Women are so lazy, they won't work nights or weekends, amiright? That must be why so many of them work at Walmart—it's open so few hours.
Republicans are having real trouble with equal pay and the first rule of holes. As the New Hampshire legislature debates a Paycheck Equity Act, state Rep. Will Infantine
took his turn in the hole, digging:
“Men by and large make more because of some of the things they do. Their jobs are, by and large, more riskier,” Infantine, a former chairman of the Manchester Republican Committee, said on Wednesday, as captured by progressive advocacy group Granite State Progress. “They don’t mind working nights and weekends. They don’t mind working overtime, or outdoors in the elements.”

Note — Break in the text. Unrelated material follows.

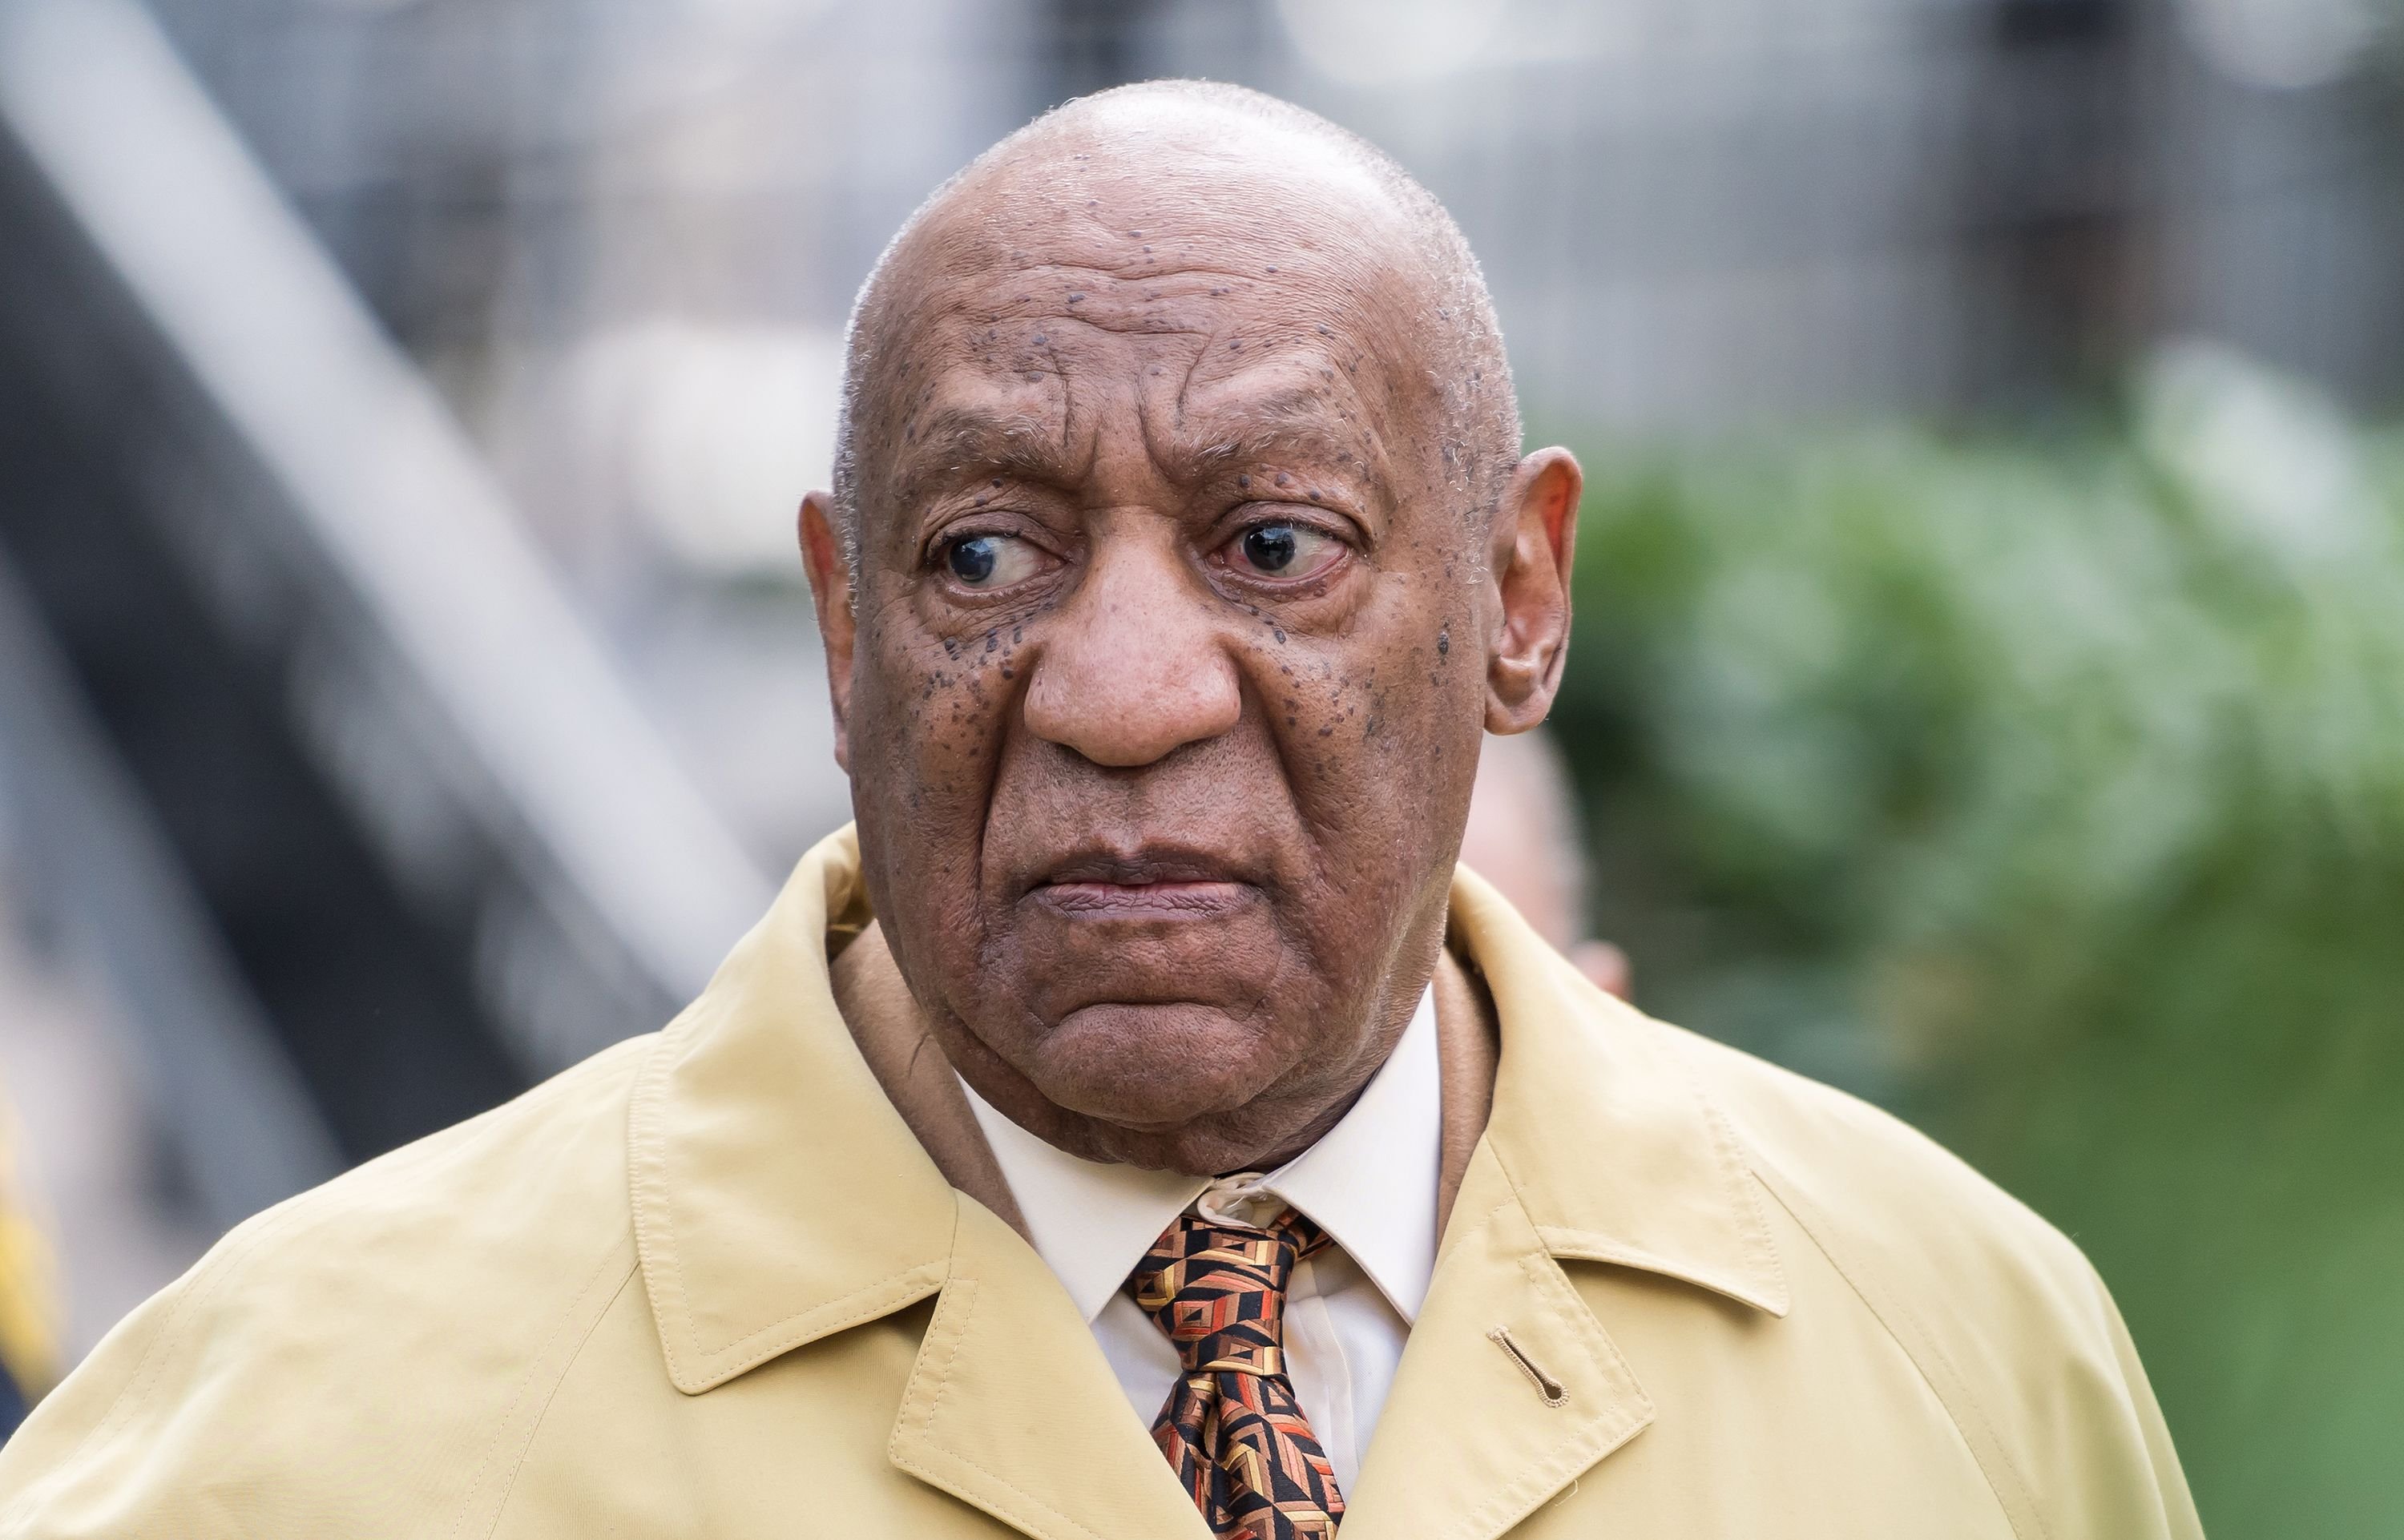 Stand-up comedian and actor Bill Cosby at the Montgomery County Courthouse on February 27, 2017 | Photo: Getty Images

In response to an outburst from colleagues objecting to the Hillsborough Republican’s remarks, Infantine responded, “It’s not me!”
“Men work five or six hours longer a week than women do. When it comes to women and men who own businesses … women make half of what men do because of flexibility of work, men are more motivated by money than women are,” Infantine said, noting that facts from the Bureau of Labor Statistics validate his claims. “Guys! I’m not making this stuff up!”

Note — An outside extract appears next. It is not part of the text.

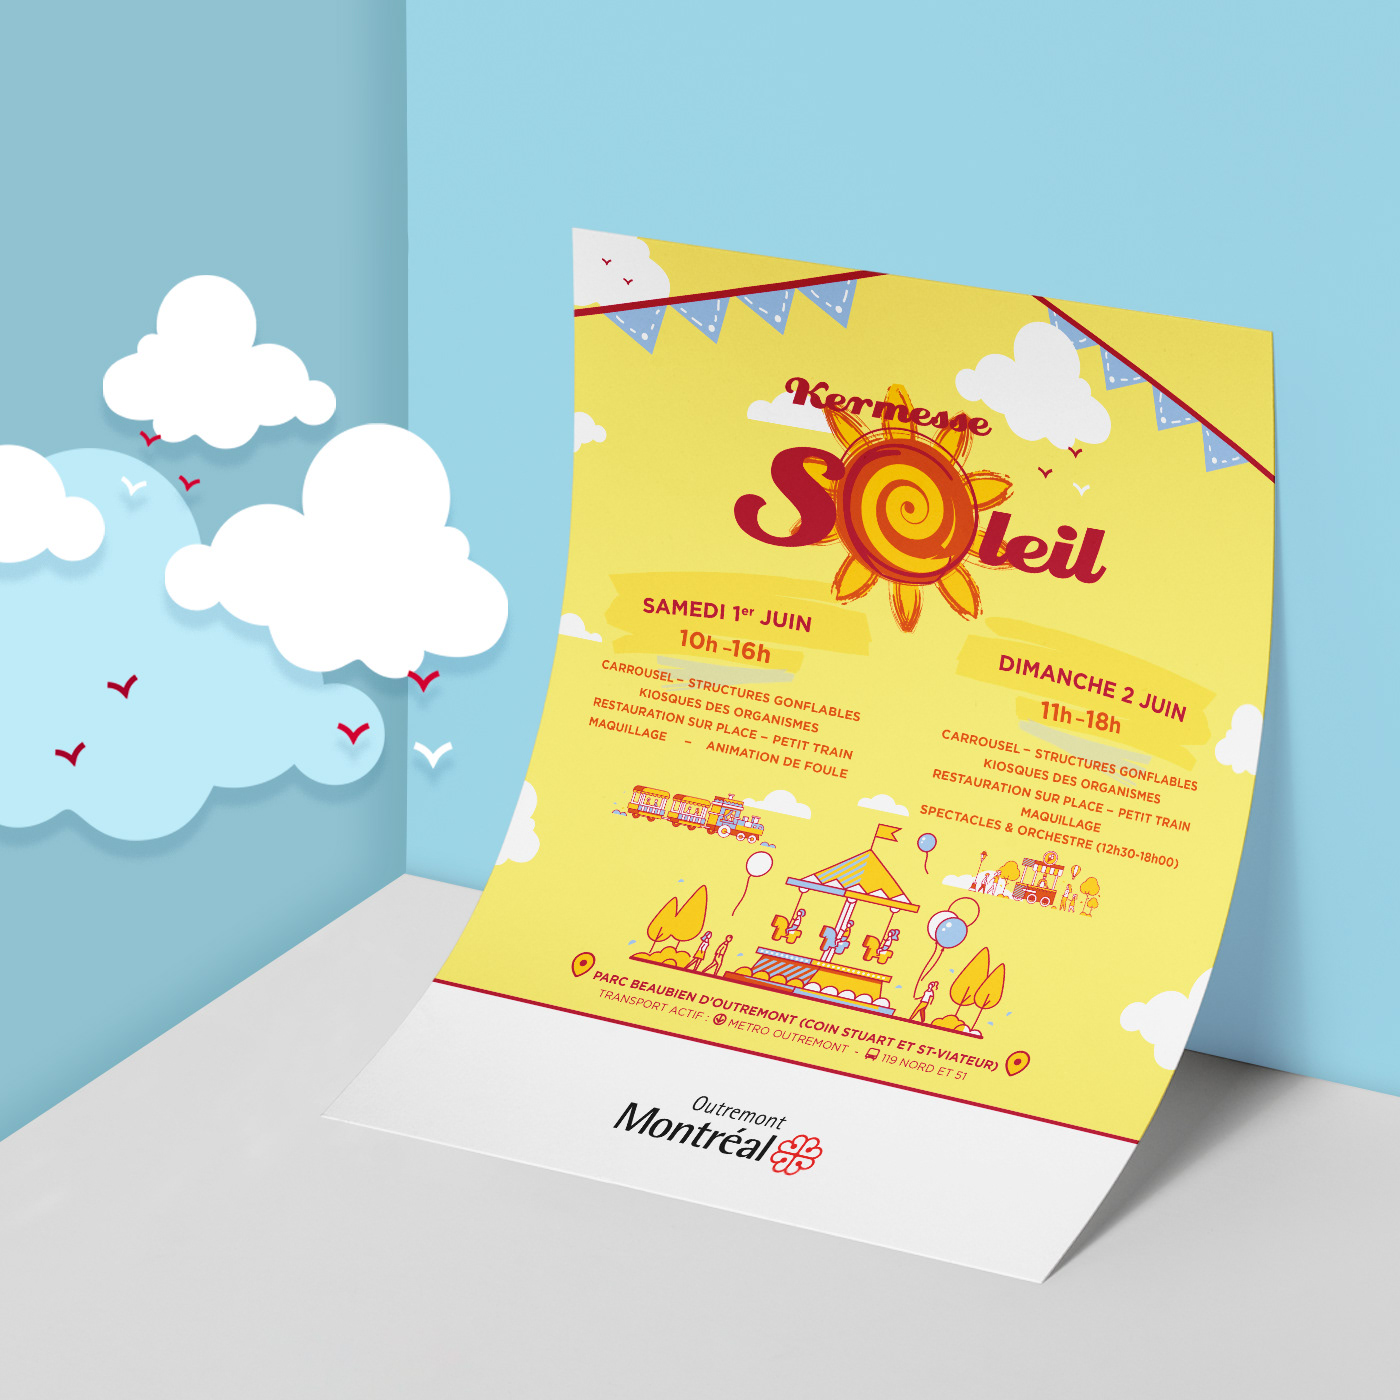 Outremont Kermesse Soleil banners flyers Event programmation icons

Women don't work nights or weekends? Tell that to the women you'll doubtless find working in every store or restaurant you go into tonight or this weekend. Men are more motivated by money than women are? Are men also supposedly more motivated by having roofs over their heads and enough to eat than women are? Because that's more likely to be the difference made by the pay gap than, say, driving a Mercedes E-Class vs. a Mercedes S-Class.
You can come up with all sorts of justifications for the pay gap—Lord knows Republicans have put that fact on display over the last few weeks—but none of them explain it away. They just prove that if you want to discount something, you're going to find ways to say it doesn't count.
There's always a caveat that "New Hampshire state representative says X" is uncomfortably close to "that weird guy down the block says X," given that we're talking about a 400-person state House in a state with a population of 1.3 million. But in this case, Infantine is more or less in the mainstream of elected Republicans. Where he's not is in the mainstream of American voters.